И полк уходил из города, и издали доносились звуки военного марша, и постепенно замирали, замирали…

— А помните, как играл Станиславский князя Обрезкова в «Живом трупе»?

— А Лилину помните?

— В большой гостиной, где диваны и кресла из карельской березы и всё обито вялым лиловым шелком?

— А Москвин — Федя Протасов?

— Помните, как он лежал на тахте, закрыв лицо руками, а цыгане пели «Эх, не вечерняя, не вечерняя заря»?

— А как Качалов играл набоба Баста «У жизни в лапах»?

— А кто помнит Москвина в роли Федора Иоанновича? «Я царь, или не царь?!»

— А как он изображал Кота в «Синей птице»!

— В черных бархатных сапогах, и такой ласковый, ласковый, и голос сладкий и вкрадчивый, а как был загримирован?!

— Помните, усы? Три волоска, как в струну вытянуты, и длинные-предлинные, три с правой стороны, и три с левой!

— А «Miserere» помните? И музыку Ильи Саца?

— А в «Вишнёвом саду» декорации Добужинского?

— А «Месяц в деревне»?

— Зеленую лужайку, залитую солнцем. И легкие, белые занавески на окнах, которые от ветра колышатся?

— И Вишневский в роли Бориса Годунова?

— А актрисы, актрисы? Книппер, Германова, Коренева?

— А Ликкиардопуло, непременный грек, поэт, советчик, переводчик?

— А кто, господа, помнит, как чествовали Чехова?

— И как ему было стыдно и неловко. И как он, бедный, снимал пенснэ, пожимал руки, и покашливал?

— А как приезжал этот самый Гордон Крэг, и хотя и англичанин, а всё время облизывался от восторга?

— А Сураварди? Верный индус Камергерского переулка? Который привозил живого Рабиндраната Тагора, прямо из Индии в Художественный кружок?

— А помните? Помните? Помните?

Чай давно простыл и, несмотря на сладость воспоминаний, чувствовалась потребность в эпилоге.

— Притворяться нечего, все равно это новое поколение, идущее на смену, начиная от ловчил и доставал, вышколенных комсомольской муштрой, и кончая ватагой новоиспеченных французов, американцев и иных иностранных подданных, всё равно, молодое поколение усмехнётся, как полагается.
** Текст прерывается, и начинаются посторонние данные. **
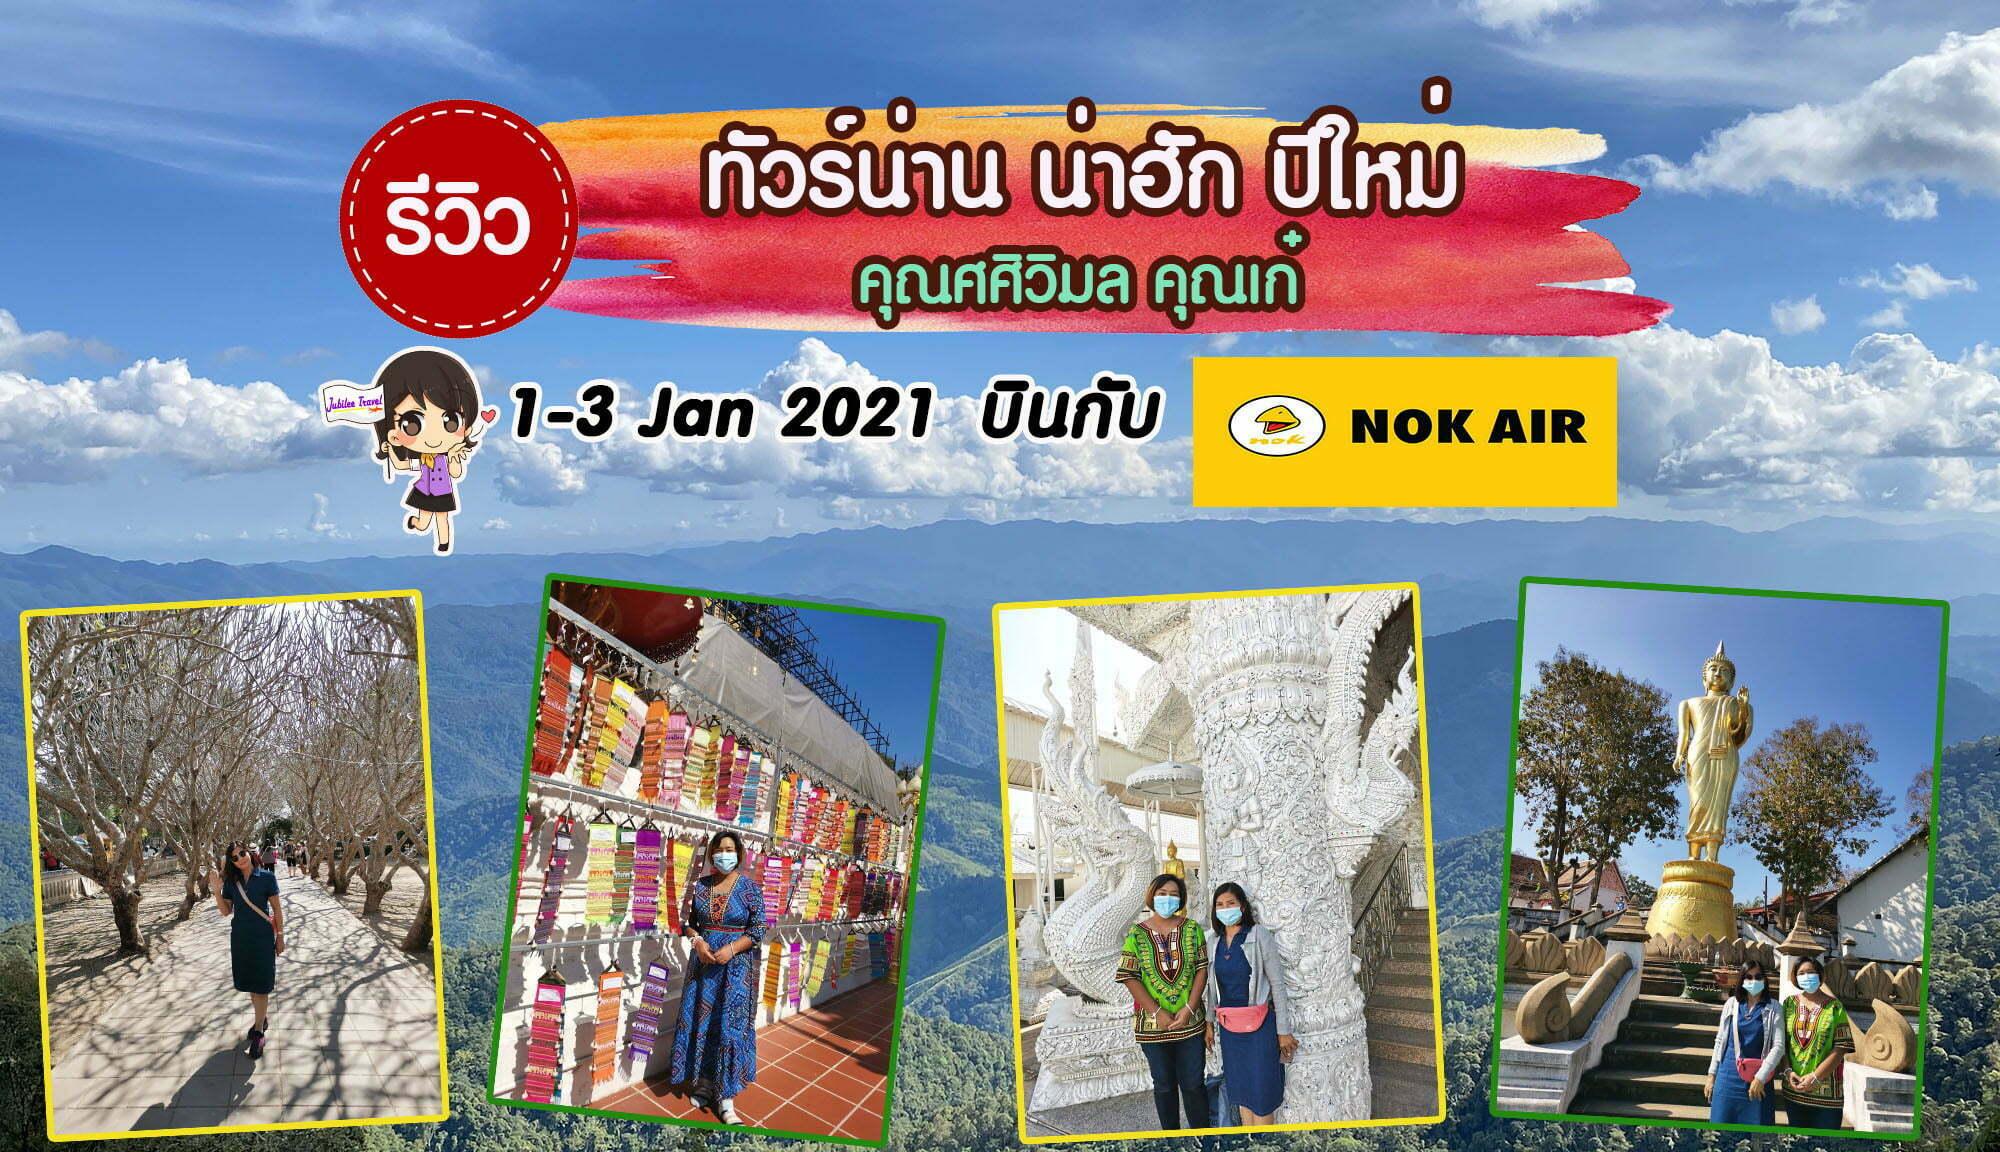 รีวิวคุณลูกค้า คุณศศิวิมล คุณเก๋ ทัวร์น่าน น่าฮัก ปีใหม่ 1-3 Jan 2021 บินกับนกแอร์

— Усмешкой горькою обманутого сына
Над промотавшимся отцом…

Извиняться, однако, не будем, оправдываться не станем.

А в эпилоге воспоминаний были, всего-навсего, серые ботики Качалова…

Кто знал Москву описываемых лет, тот подтвердит, и на суде покажет.

Так велико было поклонение, так неумеренно обожание, что толпой выходила молодёжь, по преимуществу женская, в одиннадцатом часу утра на Кузнецкий мост, и терпеливо ждала.

Ибо известно было, что утреннюю свою прогулку, от Петровки до Лубянки, вверх по Кузнецкому, и по правой стороне обязательно, Василий Иванович Качалов совершает в начале одиннадцатого, а потом по Петровке, мимо кондитерской Эйнема и большого цветочного магазина, сворачивает в Камергерский, на репетицию.

Ну, вот, и ждали.

И дождавшись, шли за ним.

За полубогом в меховой шапке, в серых ботиках, в отличной шубе.

На лошадях он не ездил, выпрягать было нечего.

Стало быть, ходить шаг за шагом, и хоть на приличном расстоянии, но всё же в сиянии исходящем от полубога лучей, в ореоле немеркнущей всероссийской славы.

Качалов все это знал, терпел, и, как уверяли девушки, даже улыбался порой.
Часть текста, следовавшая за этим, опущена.